Так вот, когда при Андропове «посадки» начались, один товарищ из нашего дома, на Пархоменко, оказался напротив, в изоляторе. Сердобольные бабушки, что просиживали все дни на ящиках из-под молока, каждый день бегали, передачи ему носили. Тогда-то и стала популярной фраза про тюрьму.
Так сколько же лет, Господи? Вселялись, кажется, в 81-м, на ноябрьские праздники. Тогда дома сдавали под первое мая, если не успевали — на 7 ноября, и, конечно, к Новому году. Точно, в тот день хоккей как раз был — «Сокол» — ЦСКА, киевляне сенсационно выиграли, Женька Шастин, кумир местной публики, две шайбы самому Третьяку шандарахнул! Судья, как ни подсуживал «конюшне», как не удалял наших, все равно выиграли!
Хоккей смотрел в новой квартире, сидел на ковре, уткнувшись в экран, пиво из бутылки дудлил. Во Дворец спорта не пошел, как раз мебель перевозили весь день. На обед теща трехлитровую банку самогона своего знаменитого выставила, по случаю новоселья. На мандариновых корочках, почти без запаха, двойной перегонки, чистый, как слеза! И крепость завидная — градусов под семьдесят. На голодный желудок «грузчиков» быстро сморило, Васька Селиванов в трамвае уснул, так и ездил всю ночь — от Красной площади до Шулявки, пока не сдали в вытрезвитель. Пришлось утром ехать в отделение милиции, на Хоревую, выкупать за пятнадцать рублей. По нынешним временам — тьфу, не деньги, говорить не о чем! А тогда чуть ли не у соседей занимать пришлось, все вокруг тянули на одну зарплату, копейка в копейку. Но главное, — чтобы на работу не сообщили, тогда с этим строго, могли и на улицу выставить запросто!

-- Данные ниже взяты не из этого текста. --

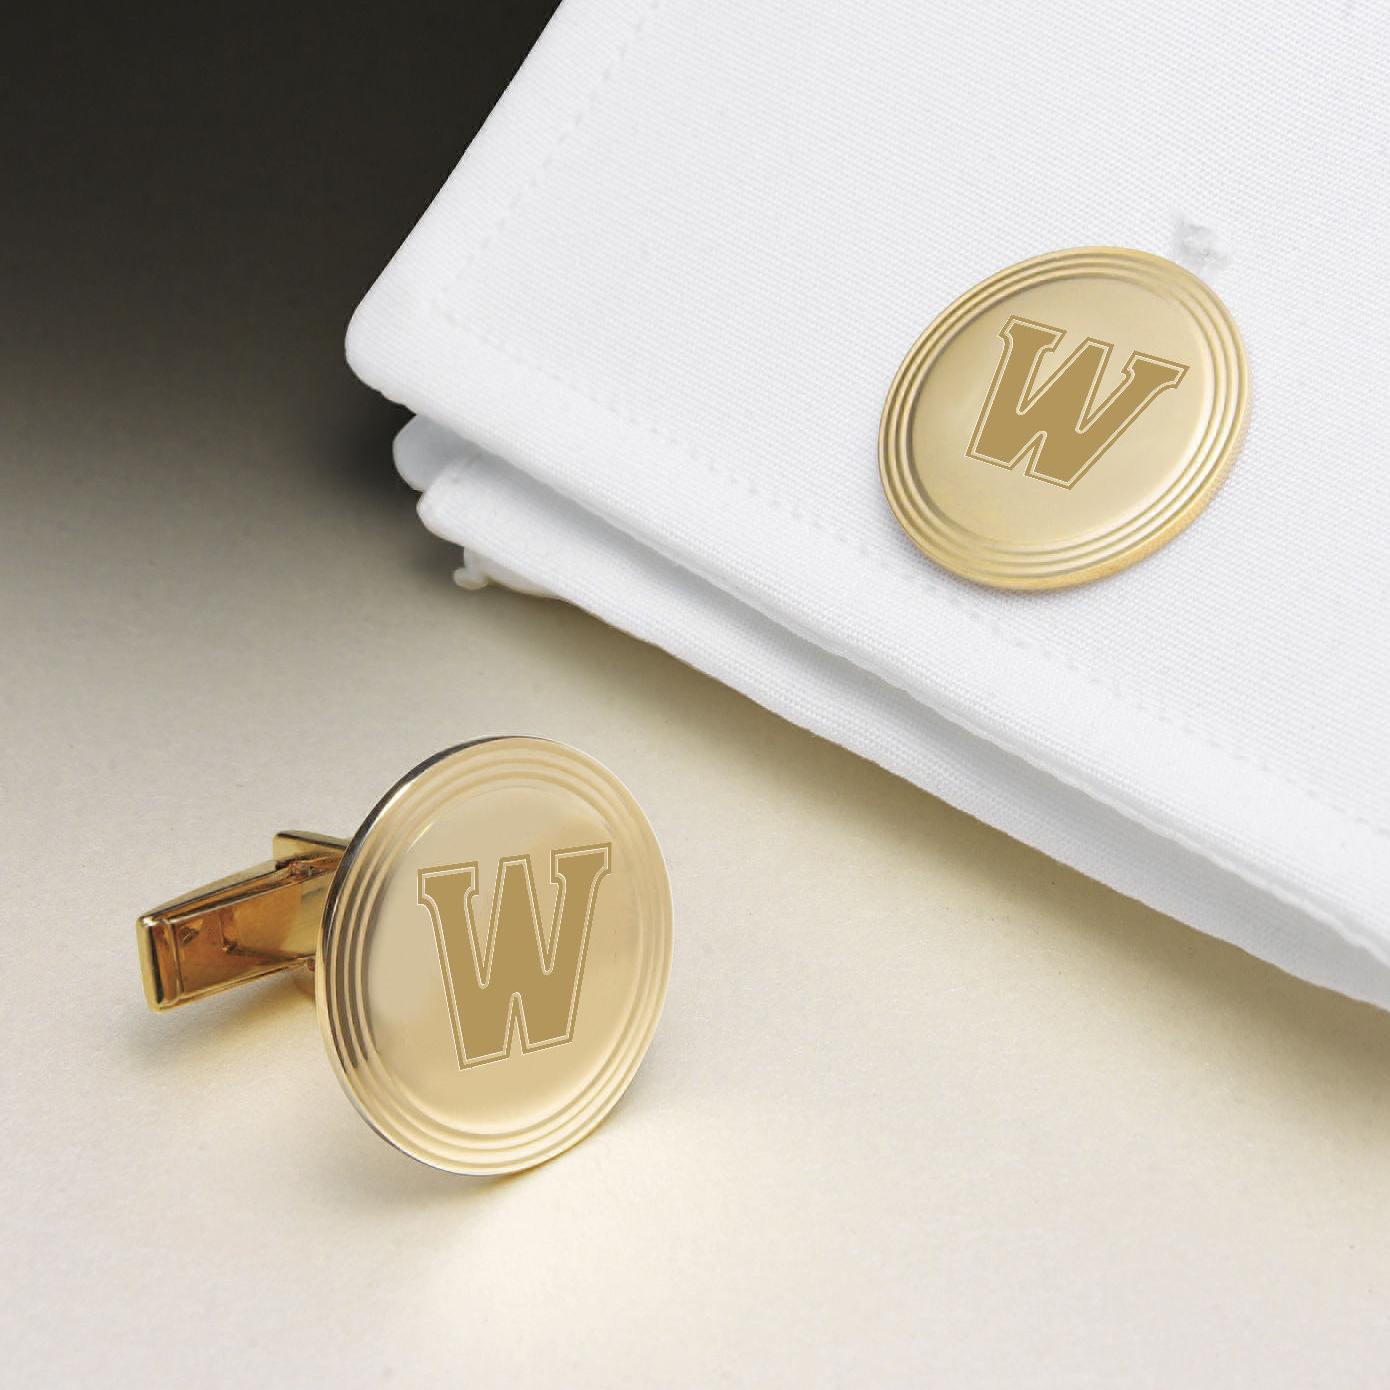 Williams College 18K Gold Cufflinks

Сколько таких случаев сплошь и рядом. Удивительно, как всякая ерунда в память въедается, десятистепенная, нужна тебе, как прошлогодний снег, пепел истлевший. Вот загадка: зачем столько лет занозой в душе сидит?
И шурин жил здесь же, рядом, на Белорусской. Ходили друг к другу по выходным обедать, да и по вечерам в будни, после работы, заскакивали. Господи, да было ли это все? Сейчас невозможно представить: сидели все за одним за столом, как только помещались — шурин со своей Галкой, мы с Валентиной, тесть с тещей, родители. Дамы — винишко, мы — самогон, иногда водку, если водились деньги, закусывали, чем Бог послал. Хохмили, любили друг друга, казалось, так будет вечно.
Шурин — парень центровой, козырный. Весь Подол в друзьях, жил там на Игоревской, а переехал к супруге на Лукьяновку — и здесь первый человек. Вот кто умел с людьми обходиться, общий язык с любым мог в двадцать минут найти.
Продавщицы, подавальщицы в столовке, официантки души не чаяли. Тогда ведь как было: на бутылку сбрасывались вдвоем-втроем, шли в диетическую, брали капусточки какой за восемь копеек, винегрету, стаканы пустые, под столом разливали втихаря. В точках общепита шурин желанный гость. Не одна краля-судомойка, выдавая чистые стаканы, провожала полным надежд взглядом. Напрасно! «Рожденный пить, любить не может!» — говорил наставительно шурин, когда приставали слишком назойливо.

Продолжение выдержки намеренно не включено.